2
$\begingroup$

Evans stated the strong maximum principle as follows: $U\subset\mathbb{R}^n$ a bounded and open set. If $u\in C^2(U)\cap C(\overline{U})$ is harmonic within $U$. Then,

  1. $\max_{\overline{U}}u=\max_{\partial U}u$
  2. if $U$ is in addition connected and there exists a point $x_0\in U$ such that $u(x_0)=\max_{\overline{U}}u$ then $u$ is constant within $U$.

I understand the proof of $2$. But why does this already imply 1?

2 Answers 2

2

The maximum is attained, because $\overline U$ is compact. And there are only two possibiliies: Either the maximum is attained at some interior point or it is not attained for any interior point (in which case it has to be on the boundary).

Now 2. says that $u = \mathrm{const}$ in the first case. So in particular, we must have $\max_{\overline U} u = \max_{\partial U} u$.

In the second case this equality is also true, trivially.

  • 0
    Ah right. Than$k$s for your help!2012-08-11
0

I tried to prove the Part 1 as follows. Please check if it is valid.

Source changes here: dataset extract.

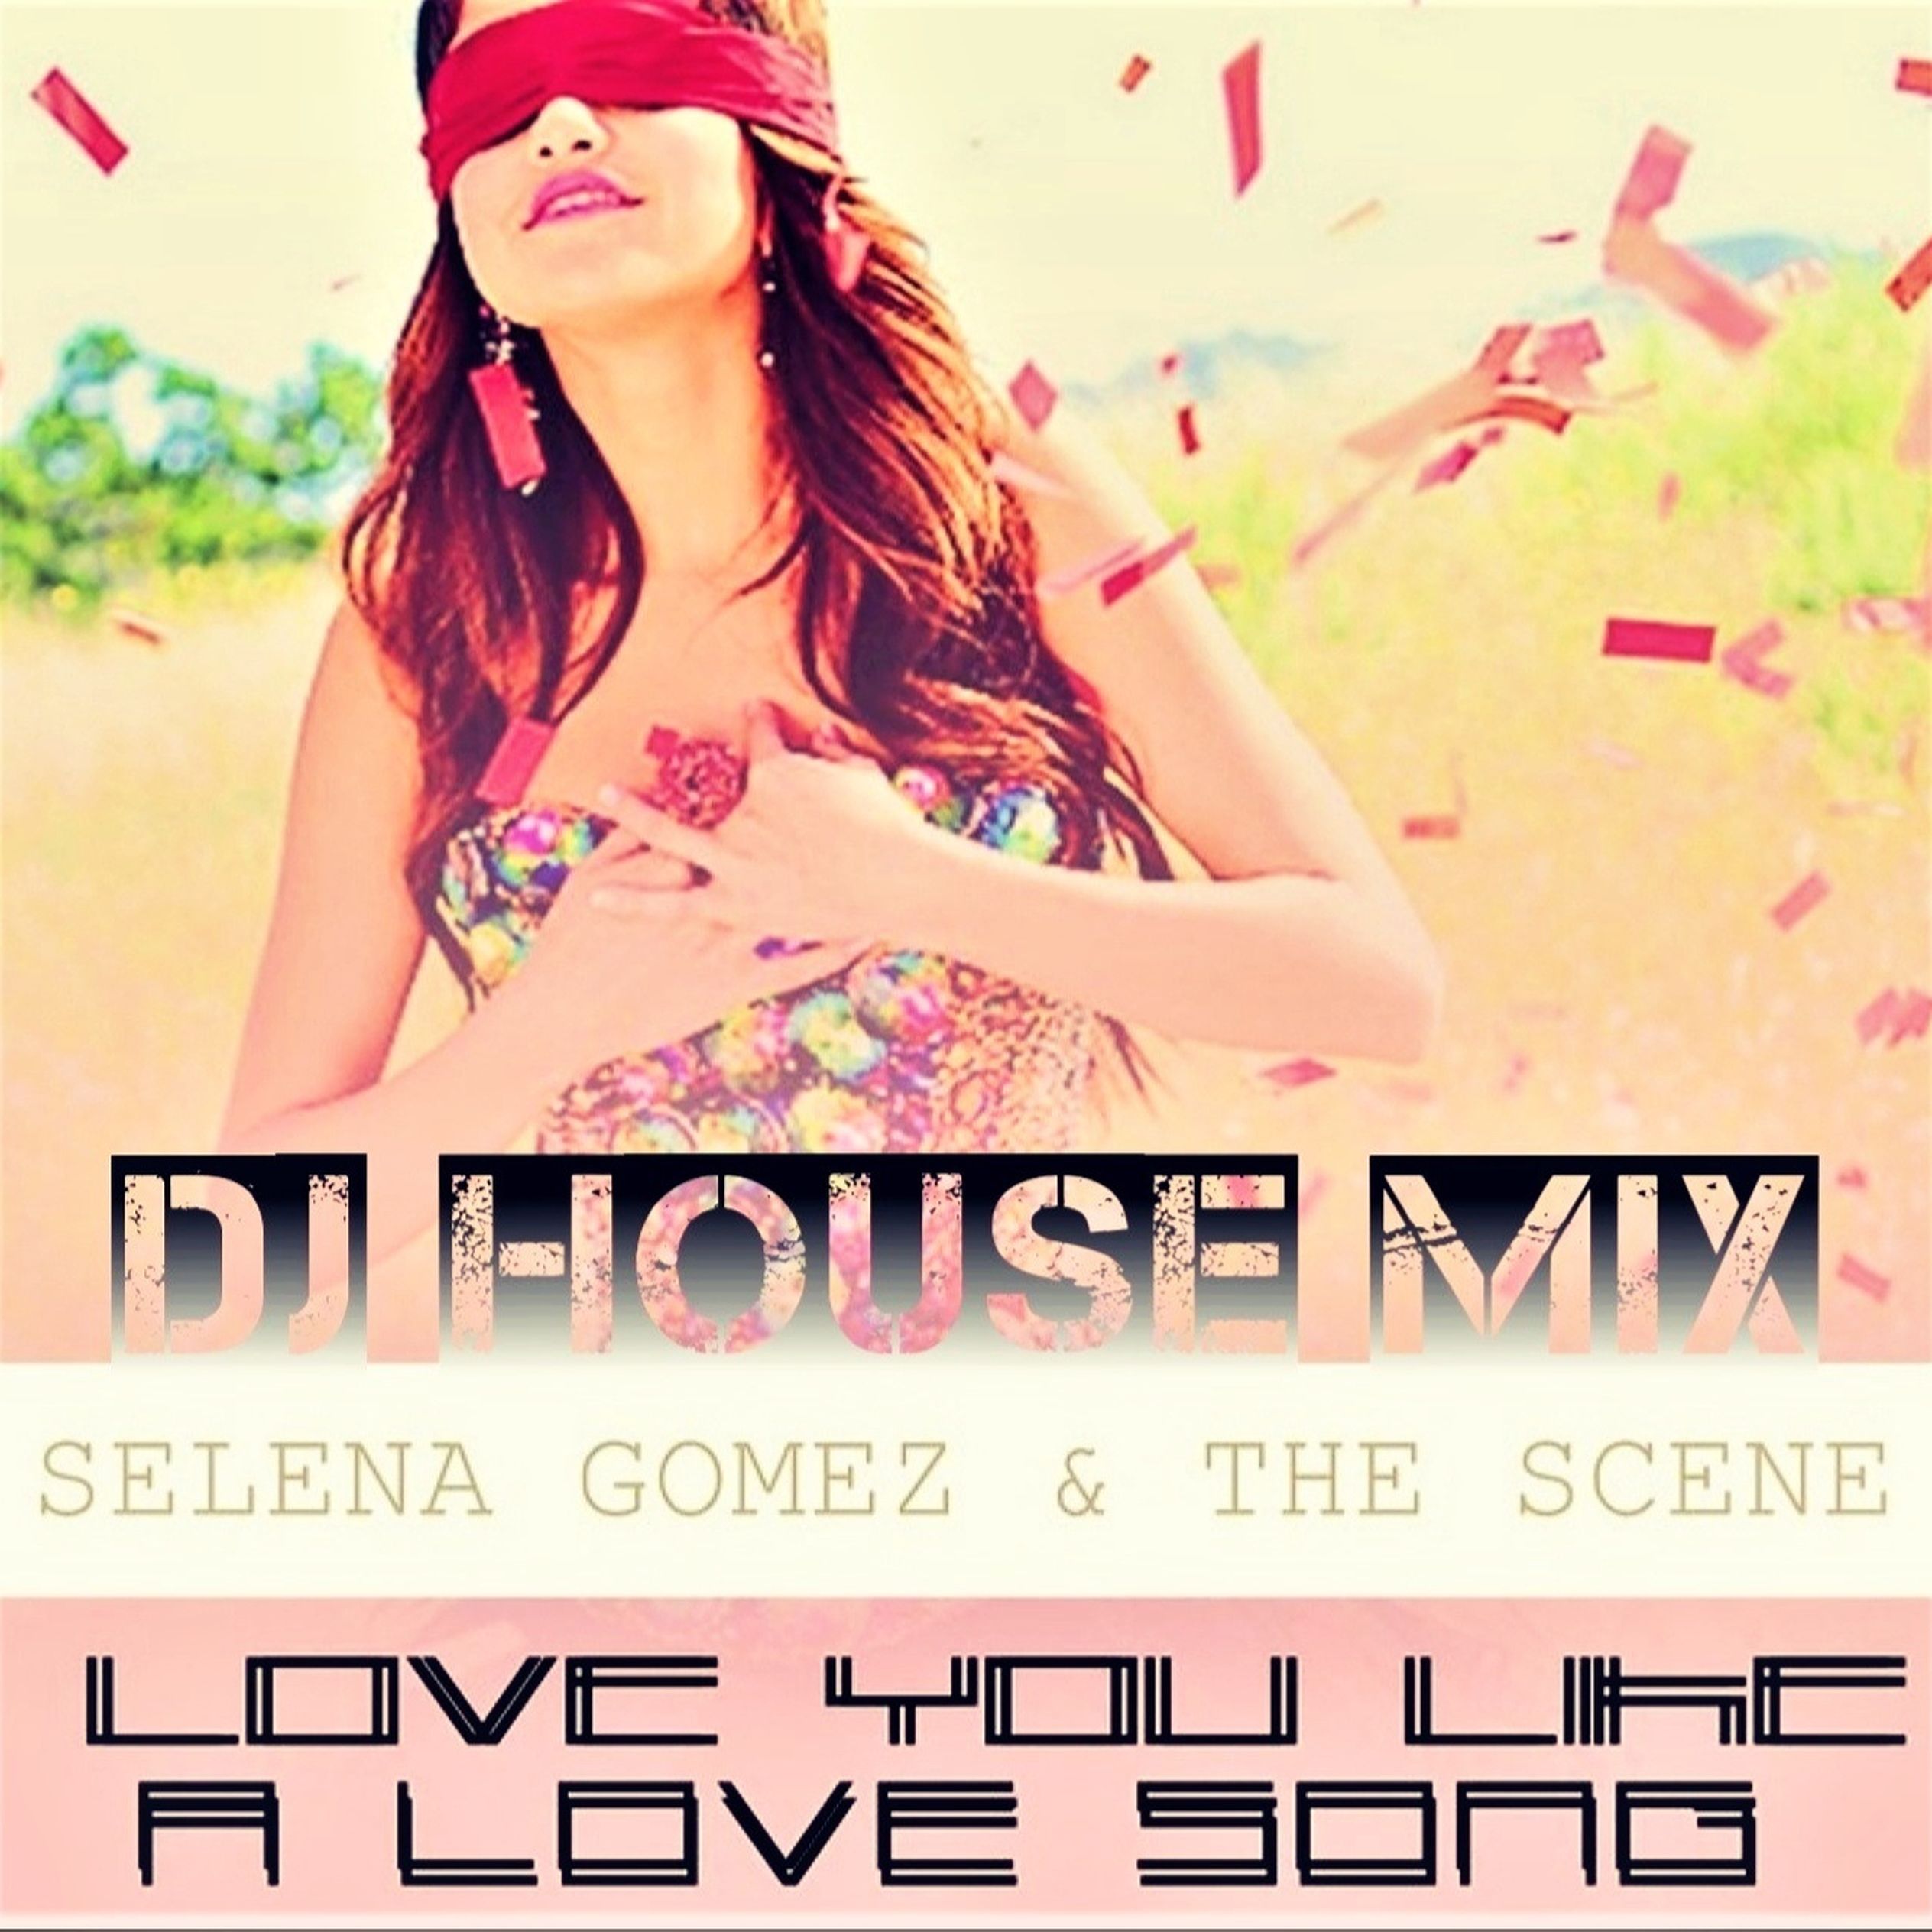 Love song mix. DJ House Music. Love you like a Love Song. Selena Gomez Calm Love is like you. Что такое релиз в Музыке.

We prove Part 1 by contradiction. Suppose the conclusion is not true, then $\max_{\overline{U}} u\neq \max_{\partial U} u.$ But since $\partial U\subset \overline{U},$ we have $\max_{\overline{U}} u>\max_{\partial U} u.$ Because $u\in C(\overline{U}),$ with $U$ bounded, it follows that $\overline{U}$ is compact in $\mathbb{R}^n,$ and so there exists $x_0\in \overline{U}$ such that $u(x_0)=\max_{\overline{U}}u.$ Since $\max_{\overline{U}} u>\max_{\partial U} u,$ we infer that $x_0\in U.$ In the case that $U$ is connected, by Part 2, we have $u\Big|_{\overline{U}}=u(x_0),$ which implies that $u\big|_{\partial{U}} =u(x_0),$ and so $\max_{\overline{U}} u=u(x_0)>\max_{\partial U} u=u(x_0),$ which is absurd. In the case that $U$ is disconnected, by the openness of $U,$ there is a non-empty connected component $W,$ such that $x_0$ is in the interior $\text{int }(W)$ of $W.$ Application of Part 2 to $u$ on $W,$ we get $u\Big|_{\overline{W}}=u(x_0),$ which leads to $u\Big|_{\partial W}=u(x_0),$ and so $\max_{\partial W} u=u(x_0).$ Since $\mathbb{R}^n$ is locally connected, we get that $\partial W\subset\partial U,$ and hence $\max_{\partial W}\leq \max_{\partial U}u,$ which implies that $u(x_0)=\max_{\overline{U}} u>\max_{\partial U}u\geq \max_{\partial W}u=u(x_0),$ also a contradiction. Therefore, we have proved that $\max_{\overline{U}} u=\max_{\partial U} u.$